Talking with a couple ladies at the gym before I started today. They asked if I was going to be at a party on Friday and I said no because I’m going to Vegas.

The lady who knows me well asked where I was staying and I told her. She goes, “Oh… look at this guy. He looks like Holiday Inn but he’s staying over there.”

Now is this good because I am keeping my street cred, was she just talking ****, or is it bad?


----------



## Enigma32

ccpowerslave said:


> Can take hottest lady in the world that is 10/10 and if she opens her mouth and the first sentence coming out has “like” in it, drops by 2-3 points minimum.


And that still makes her at least a 7-8 and definitely do-able


----------



## Cletus

Enigma32 said:


> And that still makes her at least a 7-8 and definitely do-able


Even if only in the back seat, right?


----------



## Enigma32

ccpowerslave said:


> Talking with a couple ladies at the gym before I started today. They asked if I was going to be at a party on Friday and I said no because I’m going to Vegas.
> 
> The lady who knows me well asked where I was staying and I told her. She goes, “Oh… look at this guy. He looks like Holiday Inn but he’s staying over there.”
> 
> Now is this good because I am keeping my street cred, was she just talking ****, or is it bad?


If I had to guess, I'd say it's a little of both. Mostly good though. I am assuming based on her comment that the place you told her you would be staying is a higher end place, correct? Her comment makes it sound like her impression of you was that you're not the type of guy that would stay in such a nice place, but you'd opt for the Holiday Inn instead. Mediocre. So, based on this, I'd say she seemed a little impressed and her comment was a playful and maybe even flirty jab at you based on her own false assumptions.


----------



## Enigma32

Cletus said:


> Even if only in the back seat, right?


Oh heck, I'll take the bait this time. That annoying super hot girl isn't back seat girl. She's the one you take out in public and introduce to people. It raises your credibility with everyone that sees you with her. Then when you eventually break things off with her because she's so damn annoying, the inevitable breakup questions come. "Why'd you stop seeing that one girl." When you say something along the lines of how she just wasn't doing it for you, your street cred goes up 10x and other ladies will become interested. Because who are you, that average looking guy, that you can not only date that super hot girl, but you will even break things off with her over nothing specific.


----------



## Cletus

Enigma32 said:


> Because who are you, that average looking guy, that you can not only date that super hot girl, but you will even break things off with her over nothing specific.

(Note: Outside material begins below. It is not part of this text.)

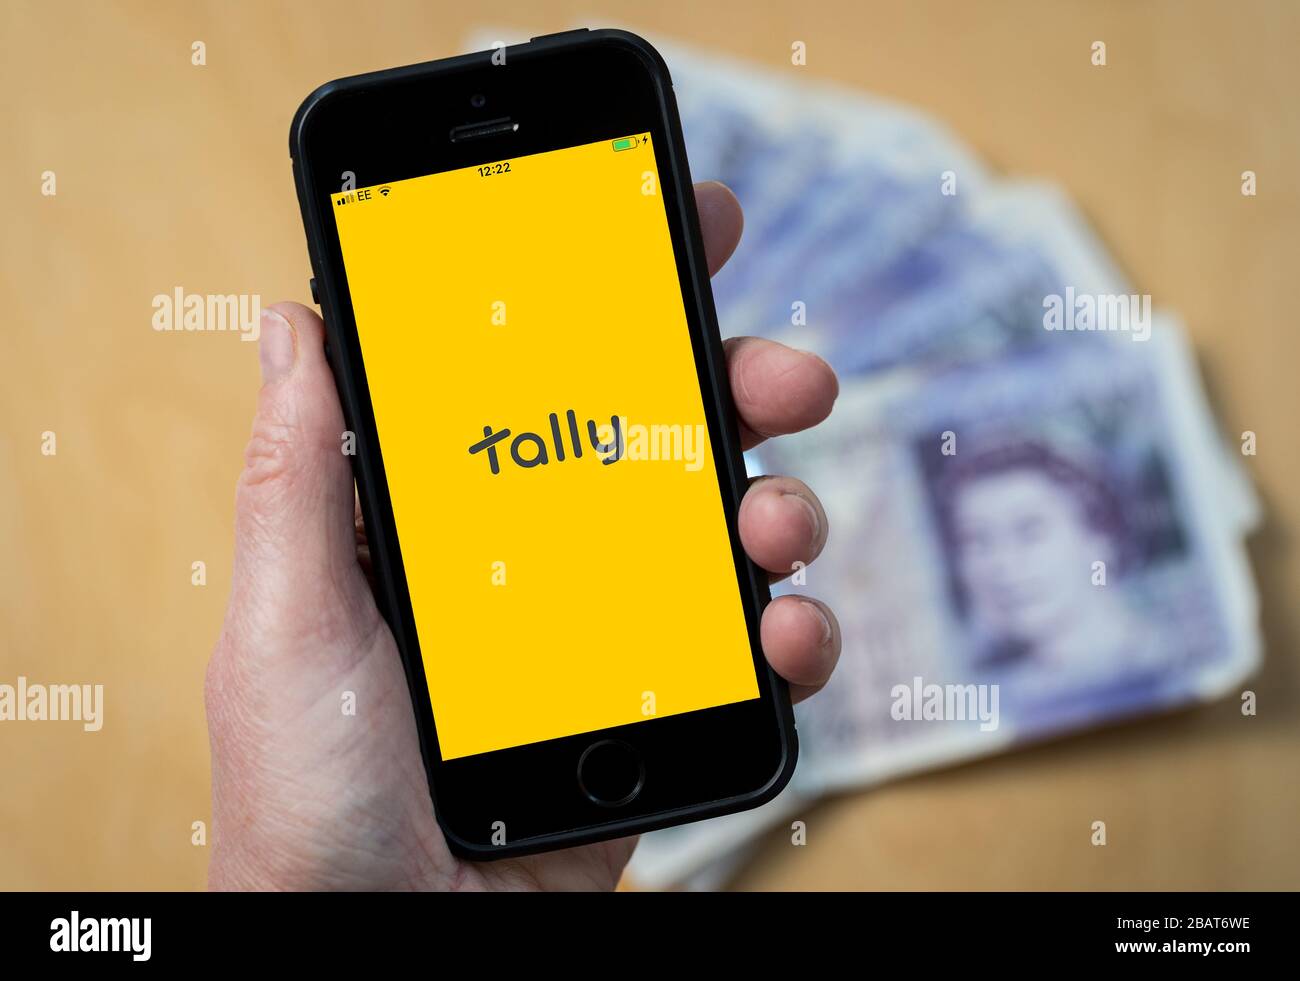 A woman using the Tally accounting app on a mobile phone. (Editorial Use Only) Stock Photo

But wouldn't your street cred go up even more if you were caught with her in the back seat? 

"Sorry, man, that one was just too fugly to be caught dead with in public". 

Sorry, just yanking the chain a little.


----------



## Enigma32

Cletus said:


> But wouldn't your street cred go up even more if you were caught with her in the back seat?
> 
> "Sorry, man, that one was just too fugly to be caught dead with in public".
> 
> Sorry, just yanking the chain a little.


It probably would! I drive a sports car with tiny back seats though. I'm not nimble enough to make that work anymore. 

It's cool. I'm not the sensitive sort. "All the world's a stage, and all the men and women merely players..."


----------



## Cici1990

ccpowerslave said:


> Talking with a couple ladies at the gym before I started today. They asked if I was going to be at a party on Friday and I said no because I’m going to Vegas.
> 
> The lady who knows me well asked where I was staying and I told her. She goes, “Oh… look at this guy. He looks like Holiday Inn but he’s staying over there.”
> 
> Now is this good because I am keeping my street cred, was she just talking ****, or is it bad?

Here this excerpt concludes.